[Opening The data section]
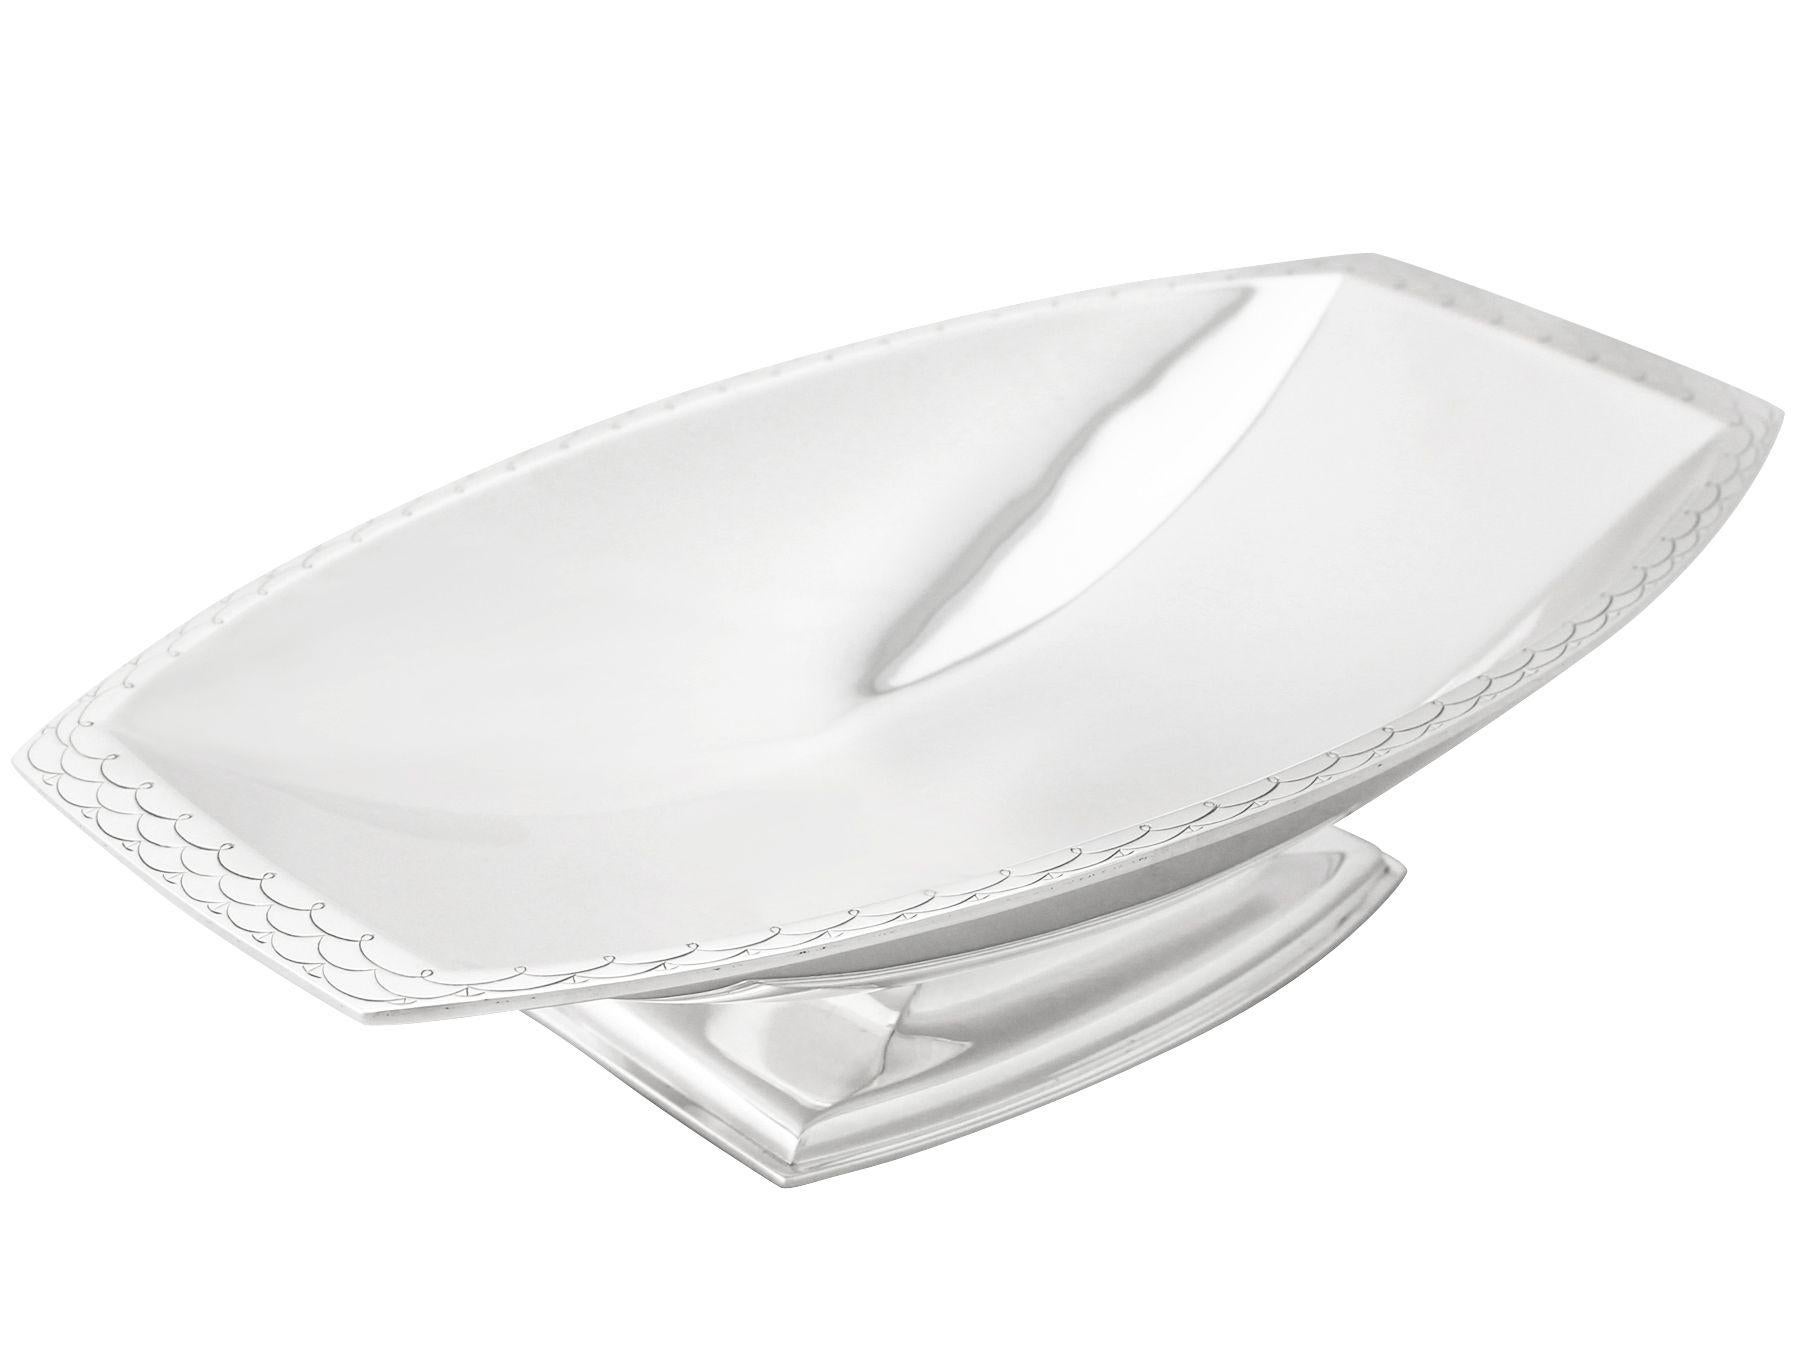 An exceptional, fine and impressive antique George VI English sterling silver bread dish in the Art Deco style; an addition to our range of ornamental silverware.

This exceptional antique George VI sterling silver bread dish has a rounded
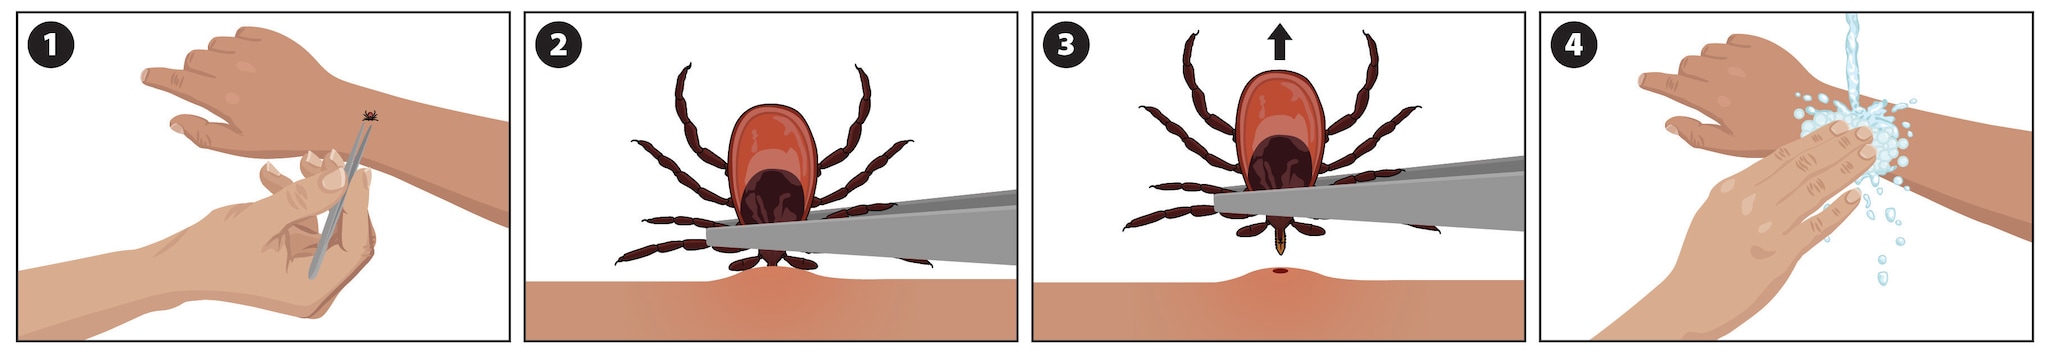 Illustration showing how to remove a tick (Ixodes scapularis pictured).
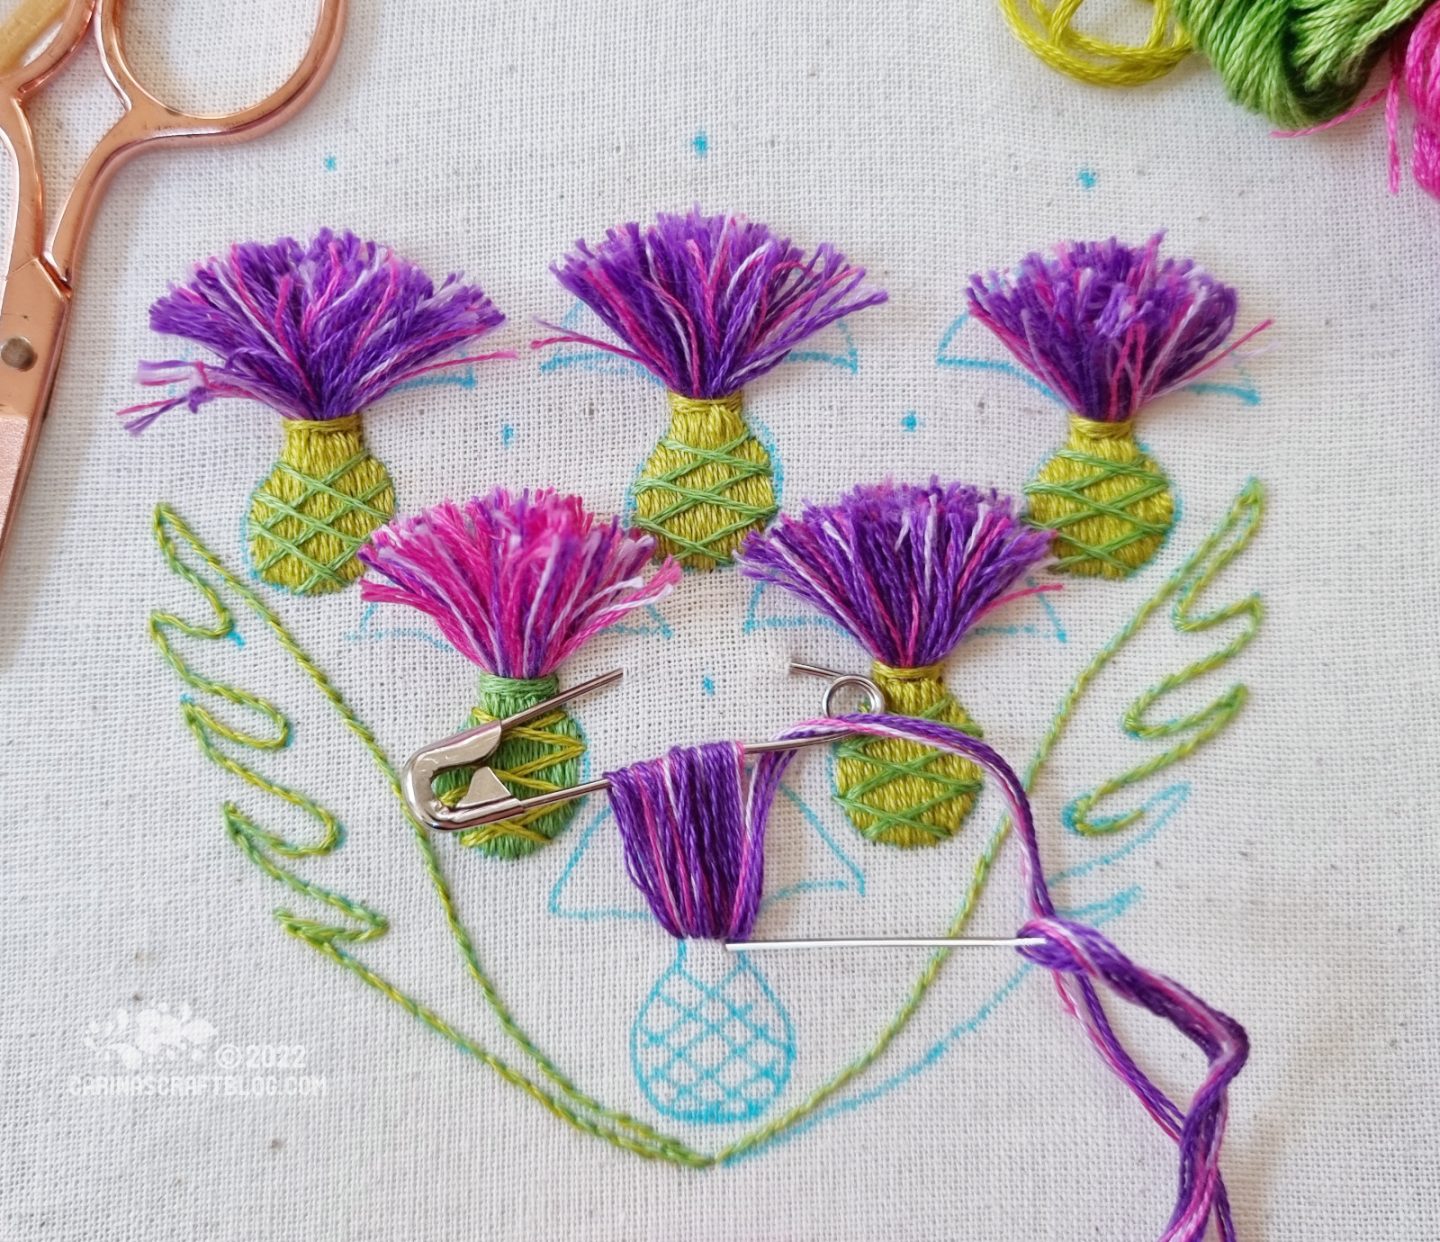 The Best Embroidery Books To Learn Hand Embroidery
[Closing The data section]
**Required action**
Give all the lines above again, character for character, without pictures.

**Solution below**
 An exceptional, fine and impressive antique George VI English sterling silver bread dish in the Art Deco style; an addition to our range of ornamental silverware.

This exceptional antique George VI sterling silver bread dish has a rounded
 Illustration showing how to remove a tick (Ixodes scapularis pictured).
 The Best Embroidery Books To Learn Hand Embroidery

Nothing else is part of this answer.